(Beginning of Exercise input)

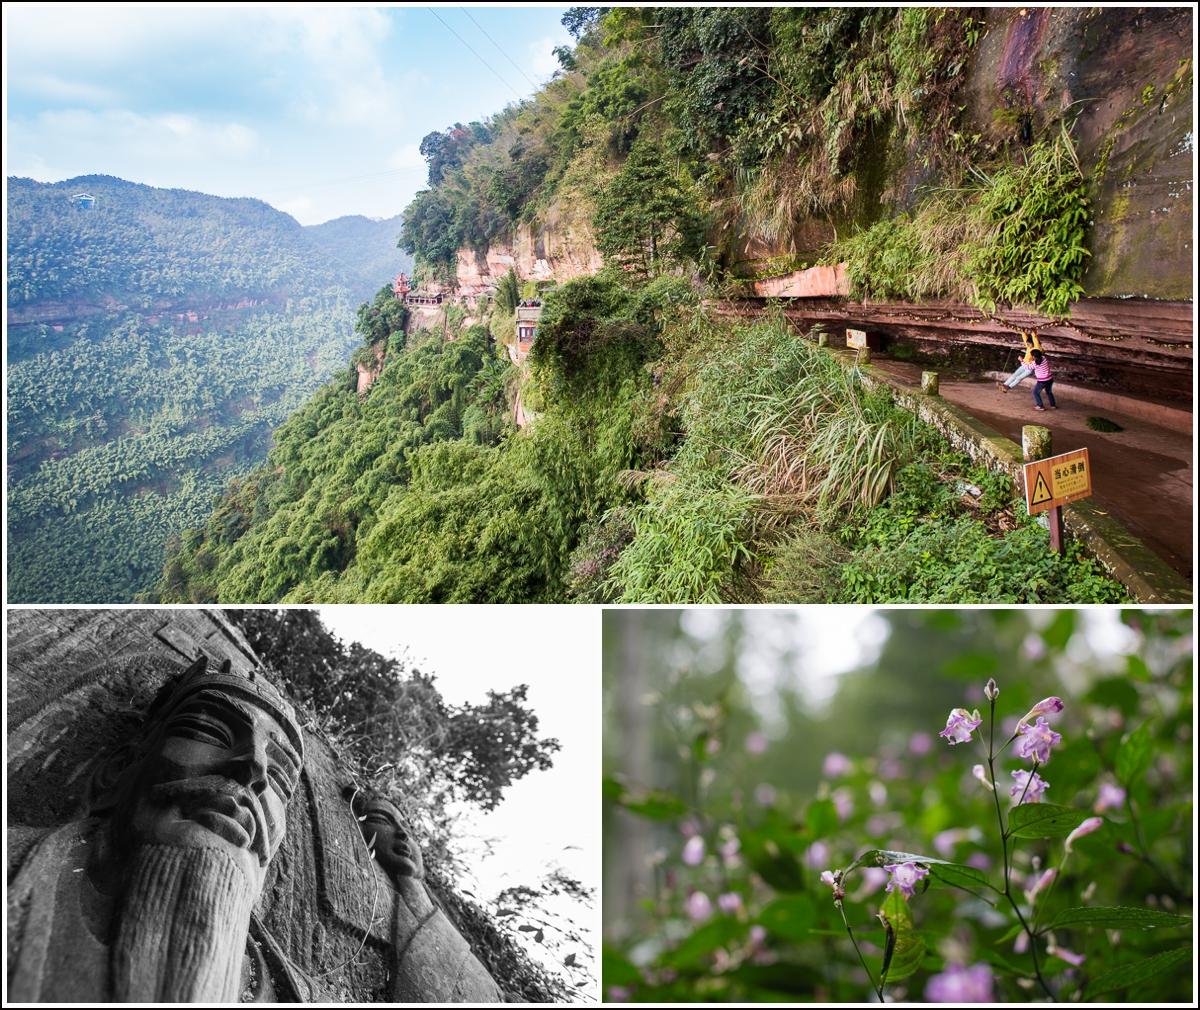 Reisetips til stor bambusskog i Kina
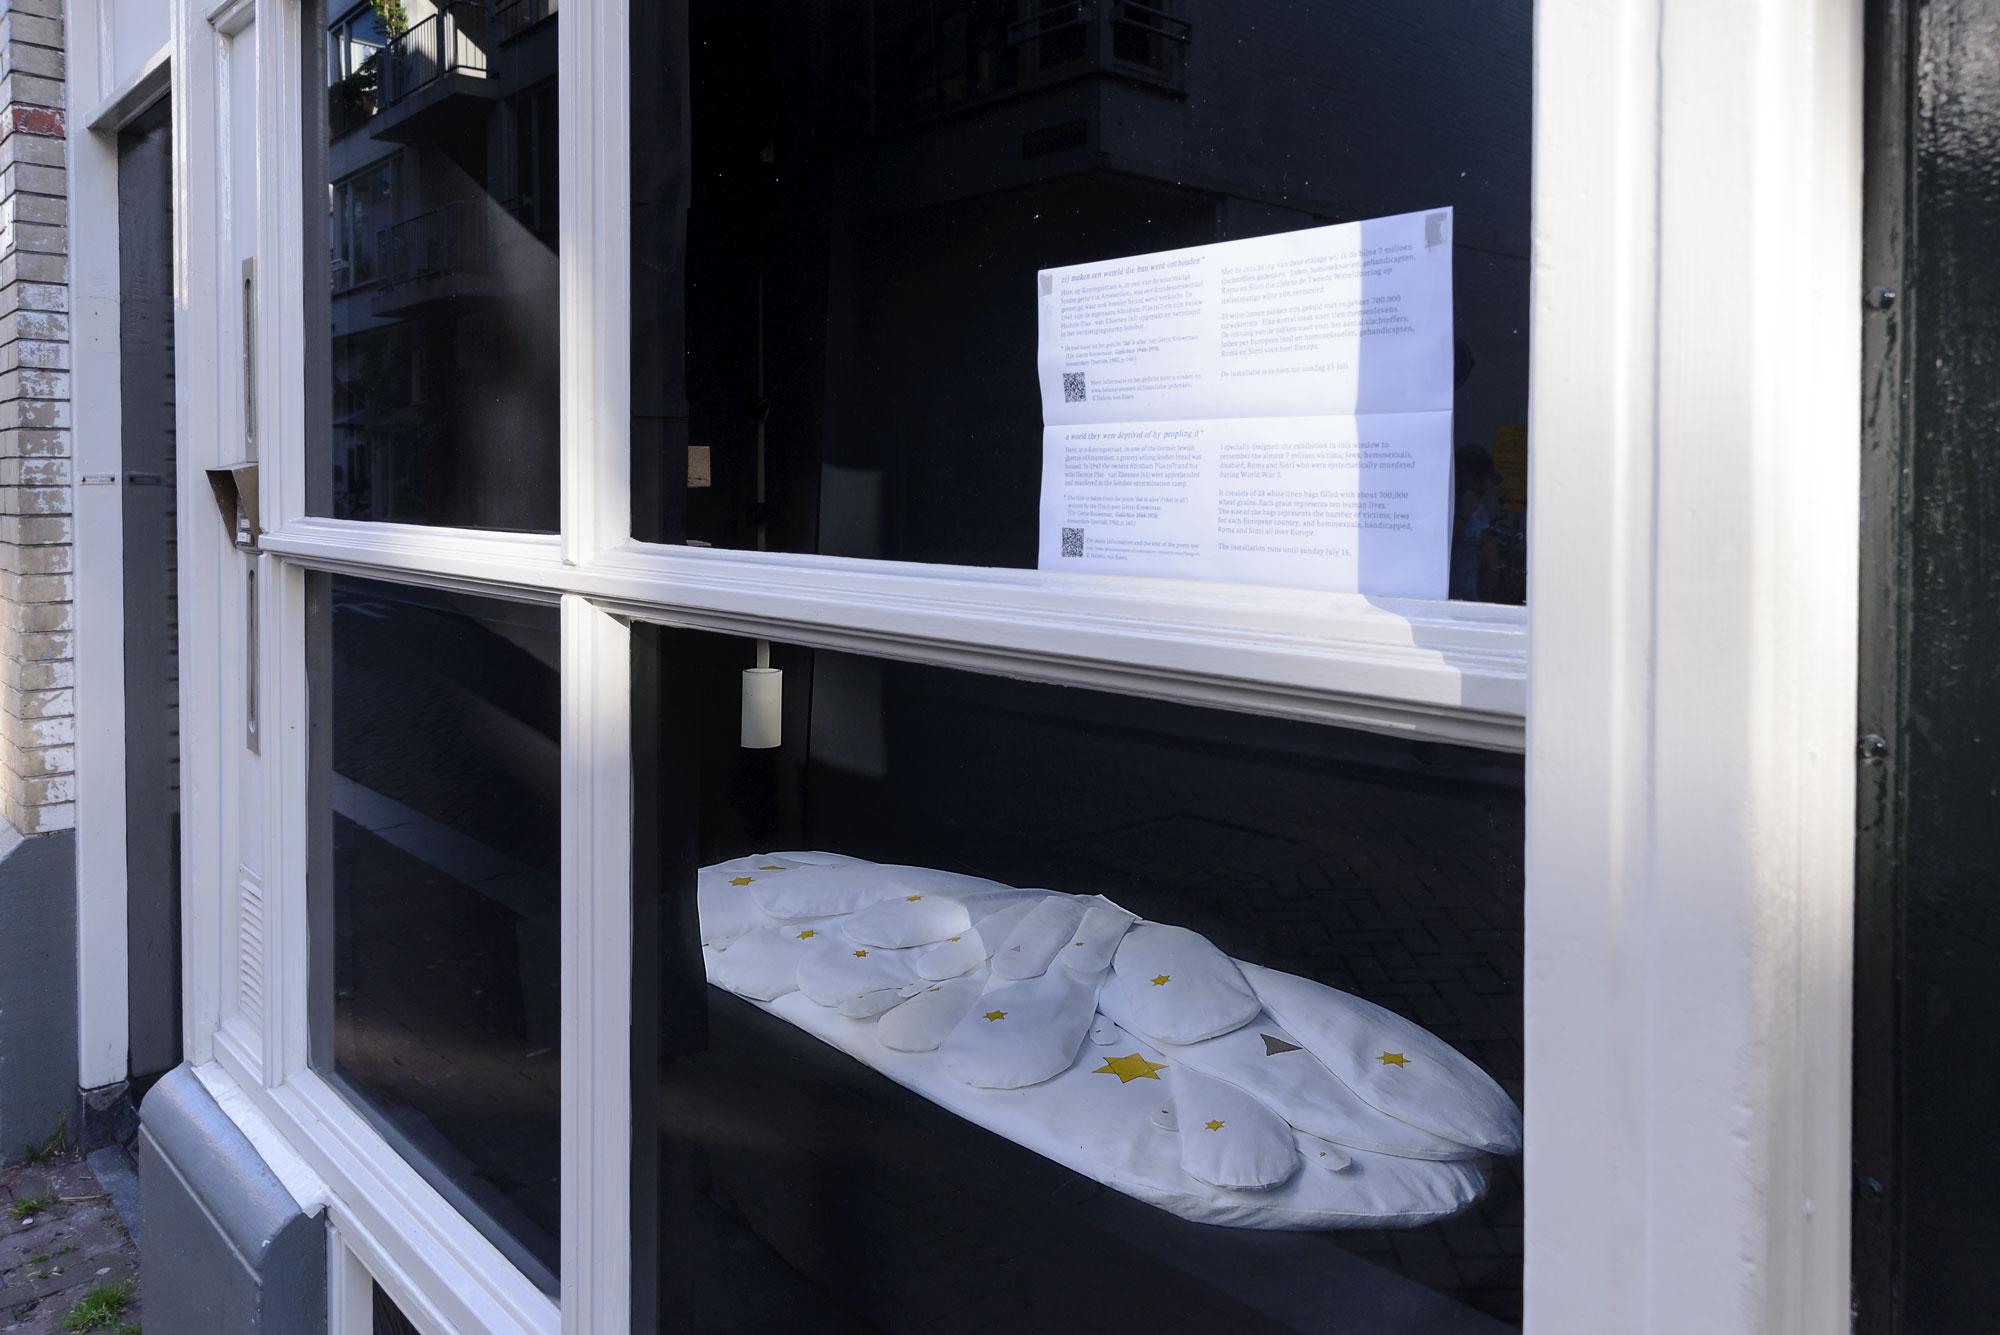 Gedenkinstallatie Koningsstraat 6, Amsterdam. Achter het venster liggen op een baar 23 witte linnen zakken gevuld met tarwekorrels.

(End of Exercise input)
(Beginning of Exercise input)

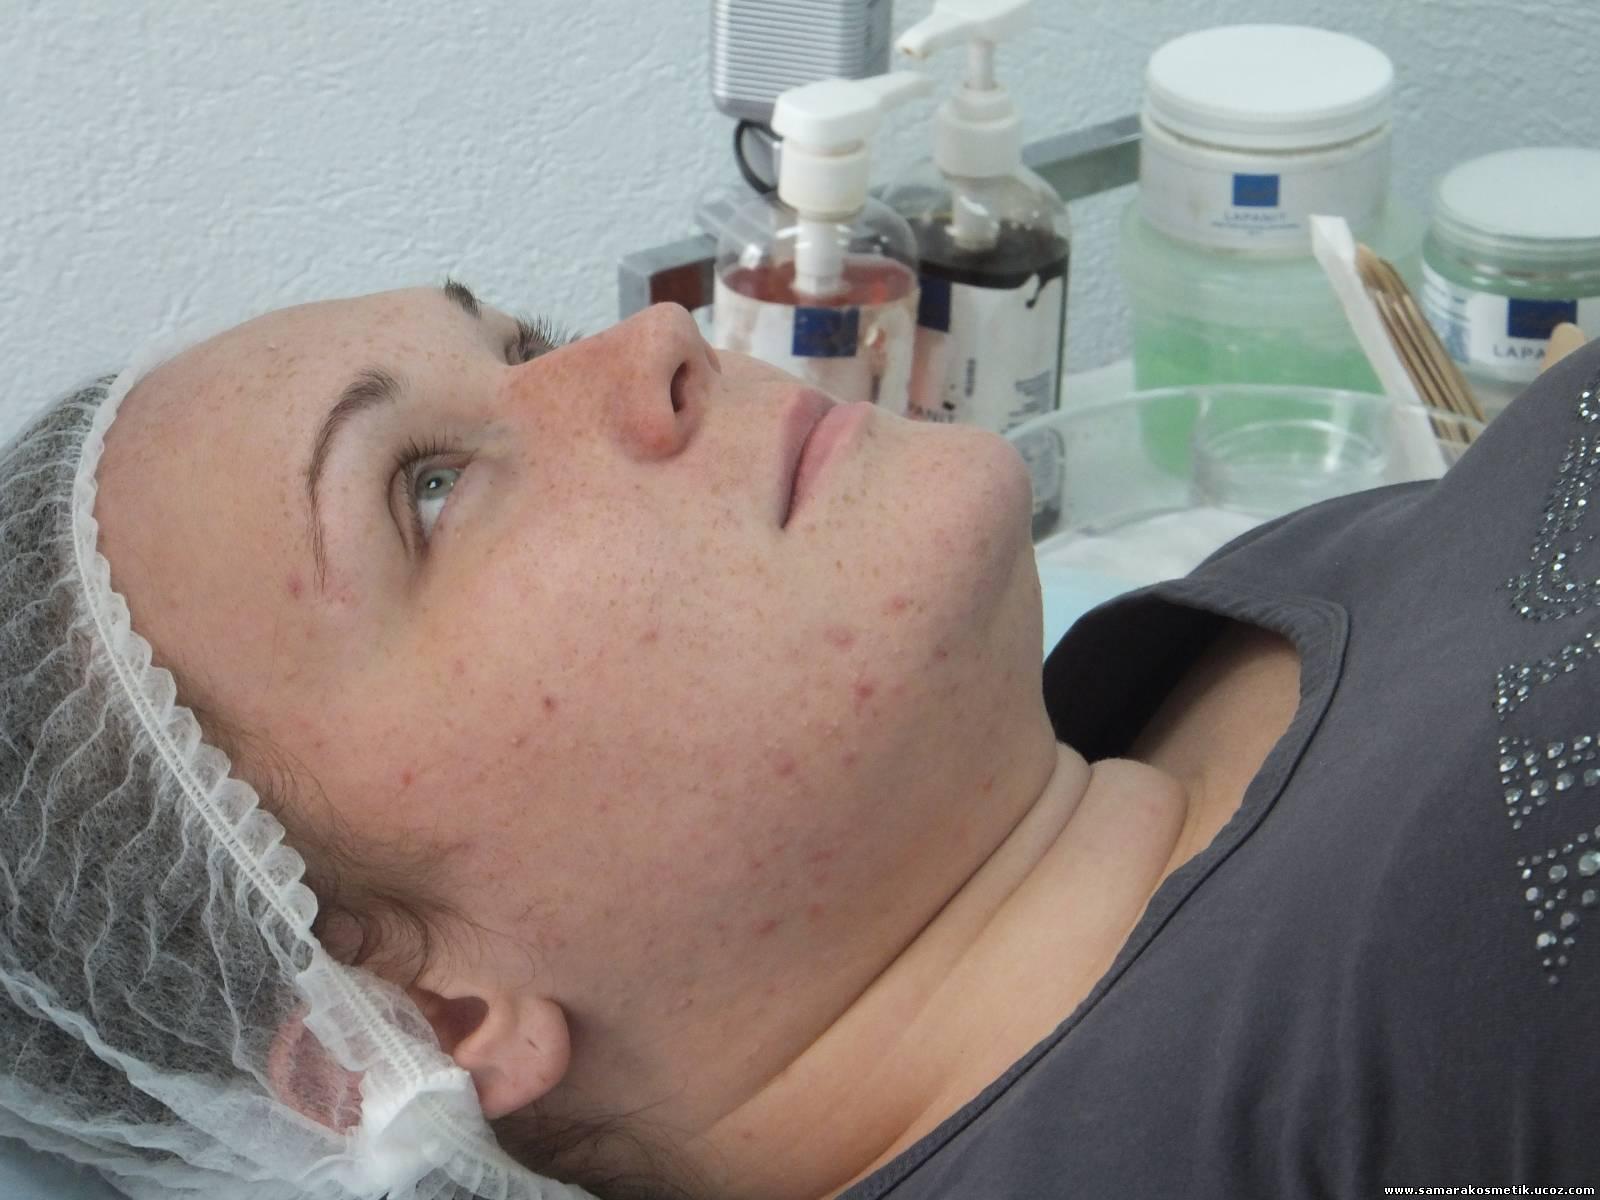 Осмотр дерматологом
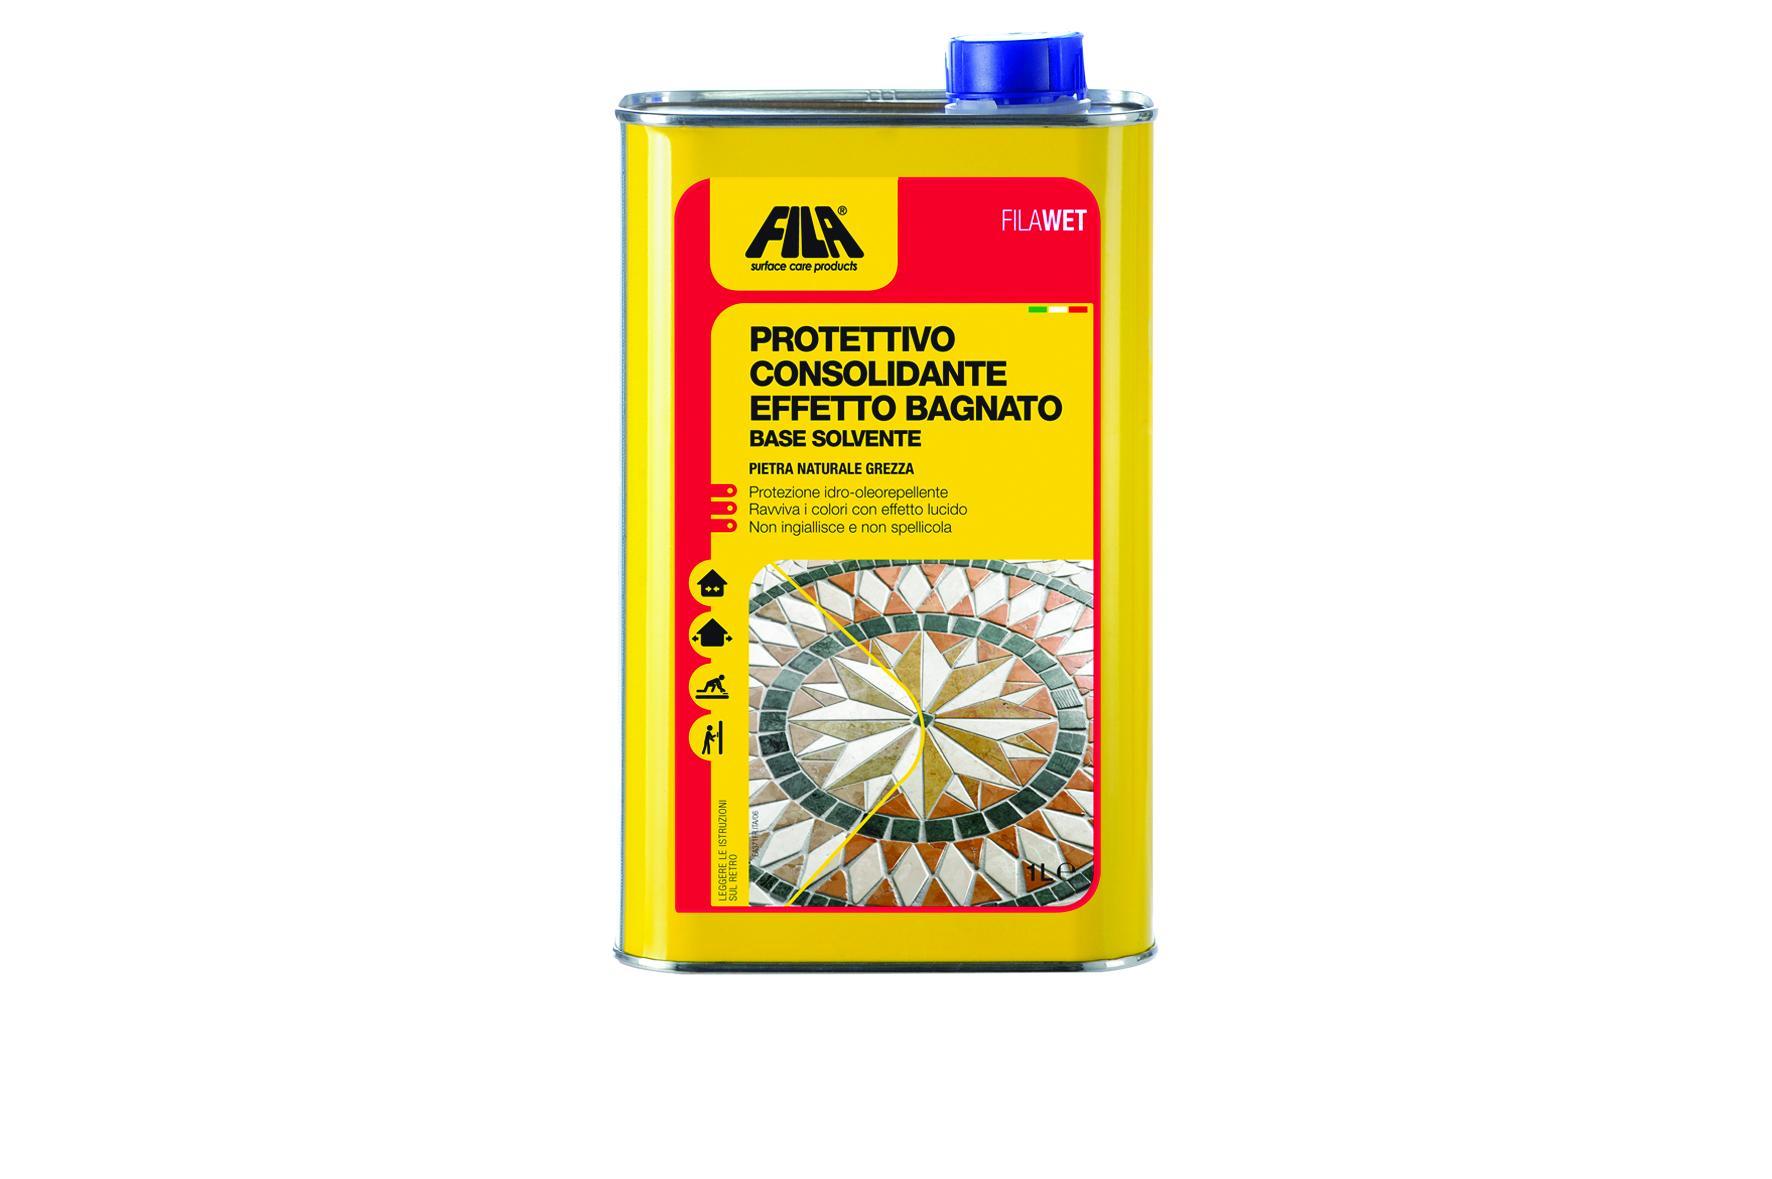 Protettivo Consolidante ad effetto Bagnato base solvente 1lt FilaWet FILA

(End of Exercise input)

** The task **
Within the listing above, the lines starting at the one containing "Осмотр дерматологом" and ending at the one containing "Protettivo Consolidante ad" are to be returned exactly. Omit the pictures.

** Output for this exercise **
 Осмотр дерматологом
 Protettivo Consolidante ad effetto Bagnato base solvente 1lt FilaWet FILA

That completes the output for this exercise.